Cloud integration: shining a light on dark data

In today’s world, good use of business data can result in growing revenue. Yet, for many businesses, this opportunity remains completely untapped. By Simon, VP of Domo EMEA.

  • 3 years ago Posted in

For most, cloud environments such as data lakes and data warehouses are not new concepts—on average, 60% of data lives in a data warehouse with the other 40% living as dark data. The catalyst? Users without access to live data take it offline and run analysis locally, removing control and visibility from the rest of the business (e.g., spreadsheets or forecasting documents), creating an additional knock-on effect of data governance.

The key to overcoming these barriers is to move and shape the vast volumes of data into one centralised location, creating one source of truth. This allows businesses to extract insight, helping inform business decisions at speed, as recently shown by ESPN.

The nature of sports broadcasting is competitive in itself. User experience is paramount to avoid subscriber churn. ESPN needed a way to quickly aggregate customer comments to spot emerging issues with ESPN access and identify which services were affected. This was initially a slow process as there was a lack of visibility into existing activity, which was holding back any decisions that would improve the experience. For example, ESPN would need to refer to reports made after a sporting event, usually provided via PowerPoints and Excel documents, sometimes taking weeks or months to create. It was only from there that decisions could be made on how to improve based on customer feedback.

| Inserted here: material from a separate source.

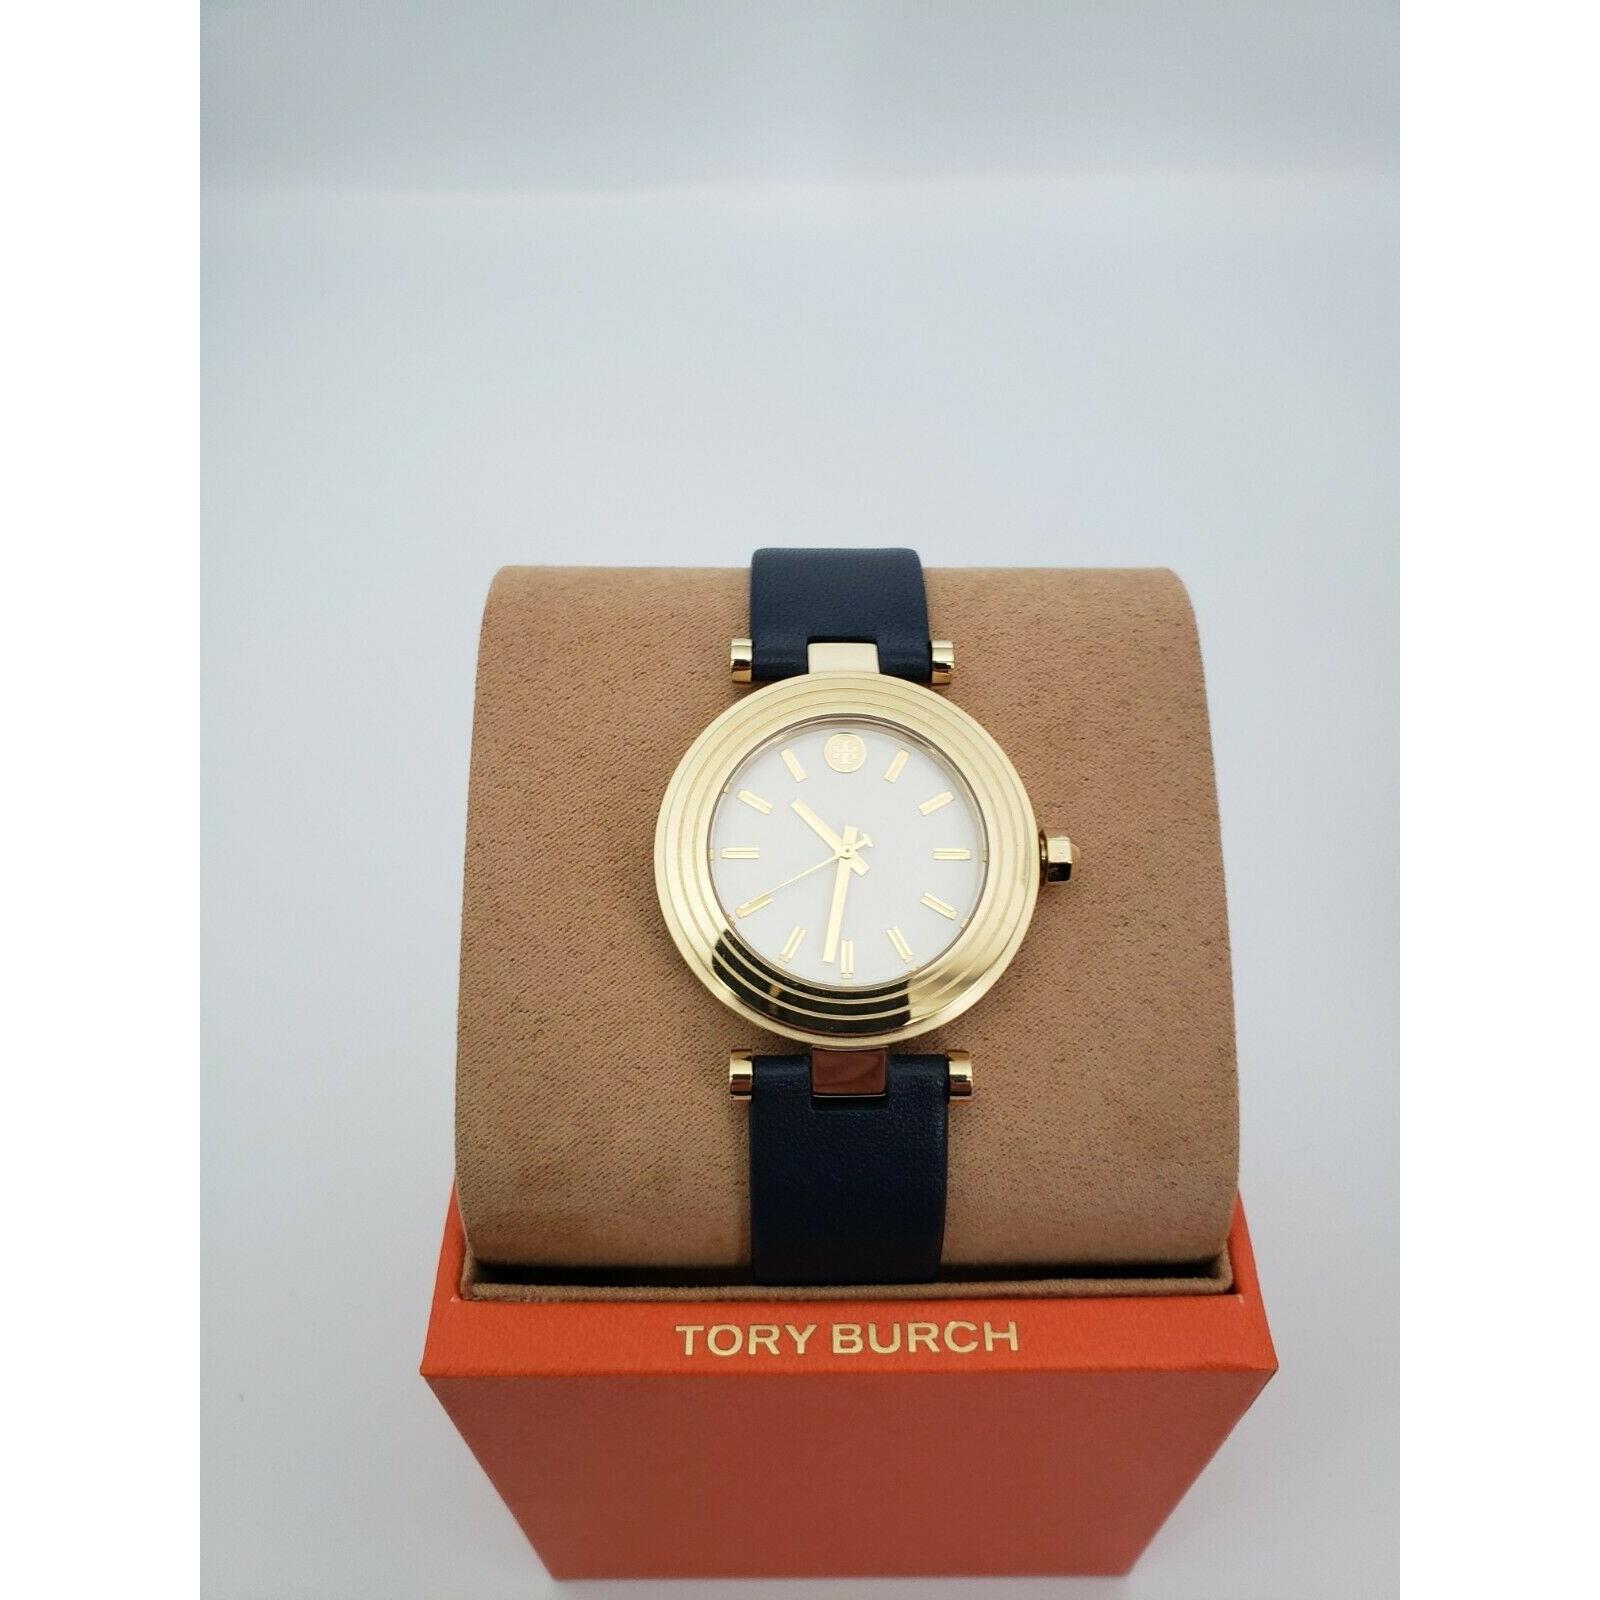 Tory Burch watch Classic - Ivory Dial, Blue Band, Gold Bezel

ESPN took it upon itself to streamline this process, knowing that online viewing of sporting events is only going one way. It knew it was crucial to provide customer service in real-time, utilising call center activity and social media platforms to monitor fan interaction. To do this, Domo and RXA developed and deployed a solution capable of extracting keywords and information, analyzing sentiment, and summarizing everything that’s been pulled from various channels for sharing with ESPN’s customer care teams. To further aid viewers, ESPN now pushes out notifications through AI chatbots, FAQ alerts, and live-site announcements. As a result of these efforts, over the 12 months ending March 7, 2020, customer satisfaction was up by 9%, and customer self-service by 200%.

So how can your business get there?

The first part of this process is to determine where the ‘dark data’ resides. Dark data takes shape in many forms, from offline excel spreadsheets to Salesforce pipelines to monthly profit and loss statements. Gaining insights from this segregated or siloed data can take hours, if not weeks, of data analysis and reporting. Senior leads will often call upon departments to produce these reports individually before dissecting it and finding common themes to inform their next steps. This process is slow and naturally affects consistency across the business, as many departments find themselves singing from different hymn sheets.

The solution is to integrate and automate how people see data across the business, providing one consistent line of truth for all departments. This integration happens by plugging all ‘dark’ siloed data platforms into one data visualization platform. At ClearScore, this process helped the data analyst teaming more efficiency field questions like “how much

money we made yesterday” or “how many users we signed up last week.” This shift in data management allowed its team to move away from time-intensive reporting toward larger data science initiatives that have an impact on the bottom line, such as building credit risk or eligibility models in developing markets.

Democratising dark data and hosting it under one roof allows all departments to foster a culture where decision-making happens without going through IT support. Business leaders should focus on driving this behavior change, helping department leads innovate in how their teams are deployed and operate, using live data as a tool for creative and impactful decision making.

While democratising data is crucial, certain datasets may need to be governed or only seen by certain team members. However, data integration in the cloud doesn’t mean losing control, as each user of the central platform can be assigned a role or attribute—meaning they have certain access levels from the moment they log in.

An example of this is Domo’s Dynamic Personalized Data Policies (PDP), which makes it possible to create policies based on user attributes instead of individuals. This tool allows a business to scale policies with growth without editing entitlement policies. Business can take scaling a step further through augmenting built-in roles to maintain governance policies, which still champions the use of one unified platform and ensures only certain members can export and share data.

Whether it be shielding the IT team from endless data requests or activating chatbots via AI to speak with your customers, the possibilities of uncovering and using dark data are endless. Once a data-driven culture is created across your business, you are only bound by the creative use of its application.